More than 50 community, business and energy leaders attended a ribbon-cutting ceremony for Duke Energy Renewables' Shoreham Solar Commons Project, a 24.9-megawatt (MW) facility near Brookhaven, N.Y.
Shoreham Solar Commons is located about 60 miles east of Manhattan, on the site of the former Tallgrass Golf Course. It was placed into service July 1, and the Long Island Power Authority (LIPA) is purchasing the power under a 20-year agreement.
"As we continue to provide affordable, renewable energy to customers across the United States, we are especially pleased to be here for our first renewables project in the state of New York," said Rob Caldwell, president, Duke Energy Renewables and Distributed Energy Technology. "The solar project will deliver tremendous economic and environmental benefits to the state and local community."
"The integration of this significant solar project into the Long Island Electric System not only provides clean energy to our rate payers, it also helps Long Island reduce its dependency on fossil fuels," said Paul Napoli, vice president of power markets, PSEG Long Island. "PSEG Long Island is pleased to support a clean renewable energy future on Long Island and assist New York State in the achievement of 50 percent renewable energy by 2030."
Duke Energy Renewables acquired the project from Invenergy, who constructed the project on the grounds of a former golf course.

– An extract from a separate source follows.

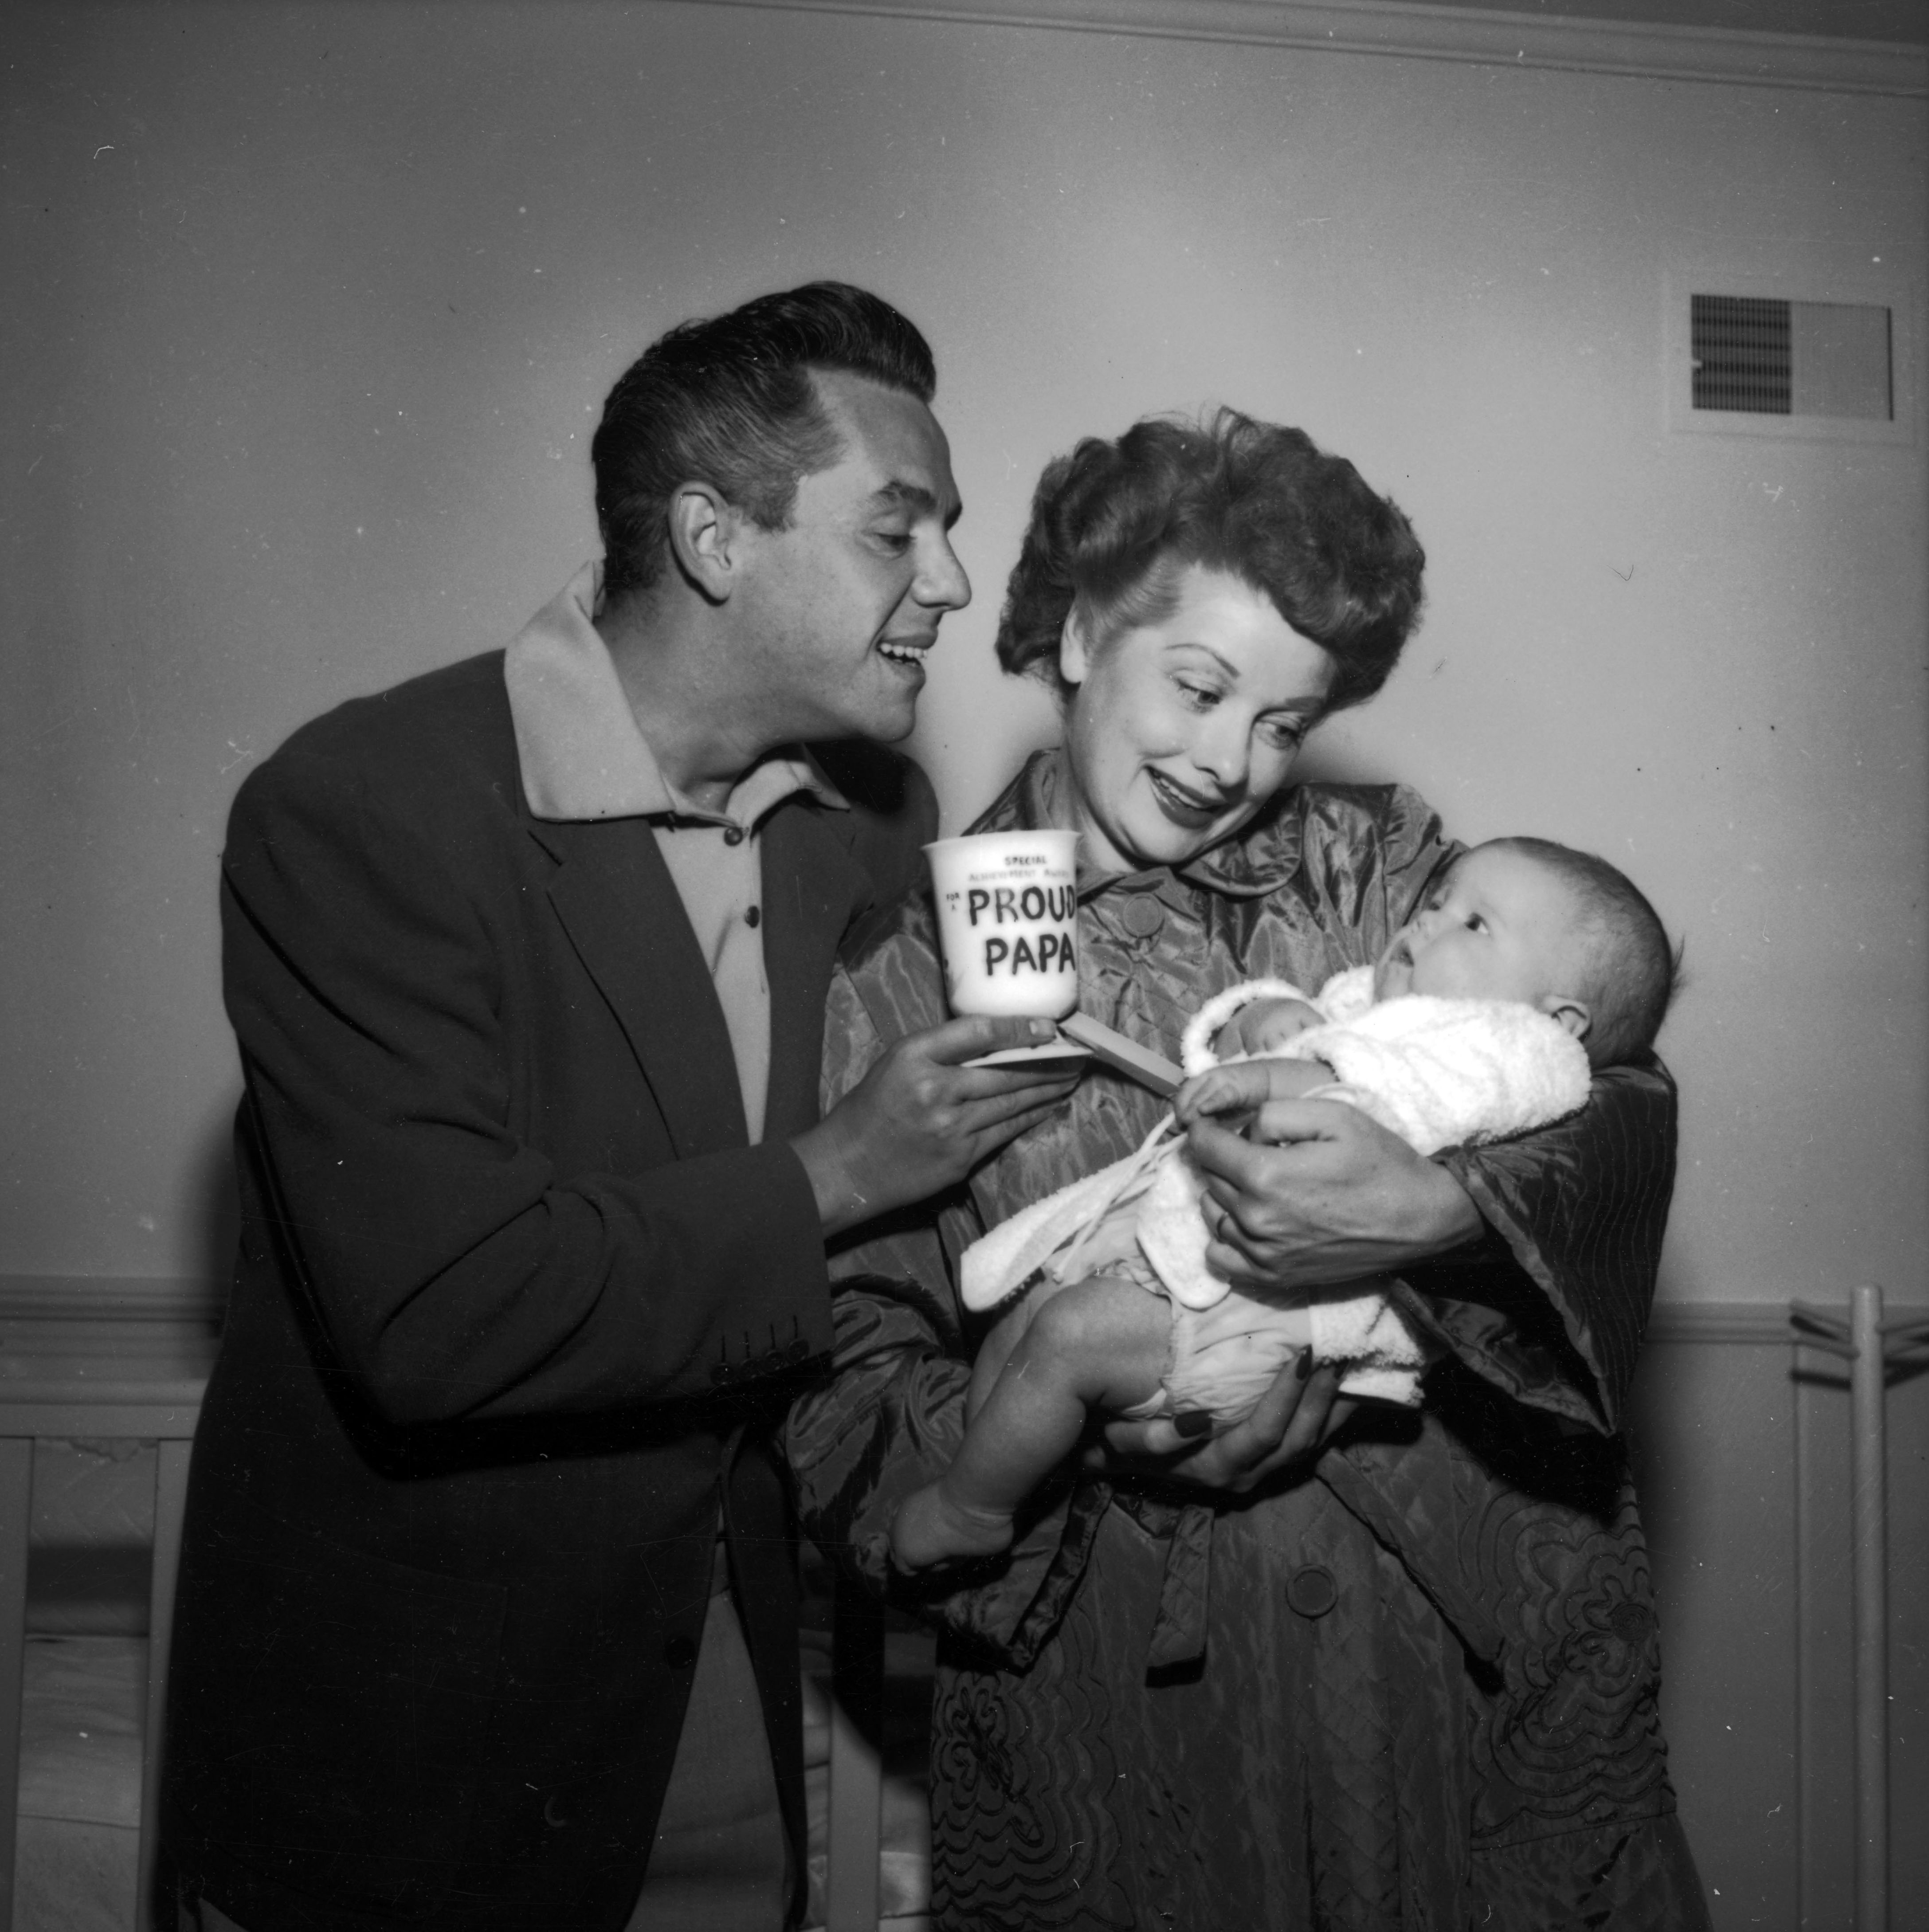 Lucille Ball at home with her husband Desi Arnaz and their son Desi Jr., 1953. Desi Sr. is holding a mug with the caption 'Proud Papa' on it.

"Our team was proud to manage the development and construction of Shoreham Solar Commons, and we look forward to providing world-class operations going forward to ensure the project delivers on its economic and environmental benefits." Alex George, Senior Vice President, Asset Management & Operations, Invenergy said. "With renewable energy projects across the state, Invenergy is proud to support Governor Cuomo's ambitious energy vision to provide affordable clean, renewable energy to more New Yorkers."
The project is expected to generate between $700,000 and $900,000 in annual tax revenue. The energy produced is estimated to displace 29,000 tons of greenhouse gas emissions annually and create nearly 1 million megawatt-hours of clean, renewable energy over its lifetime.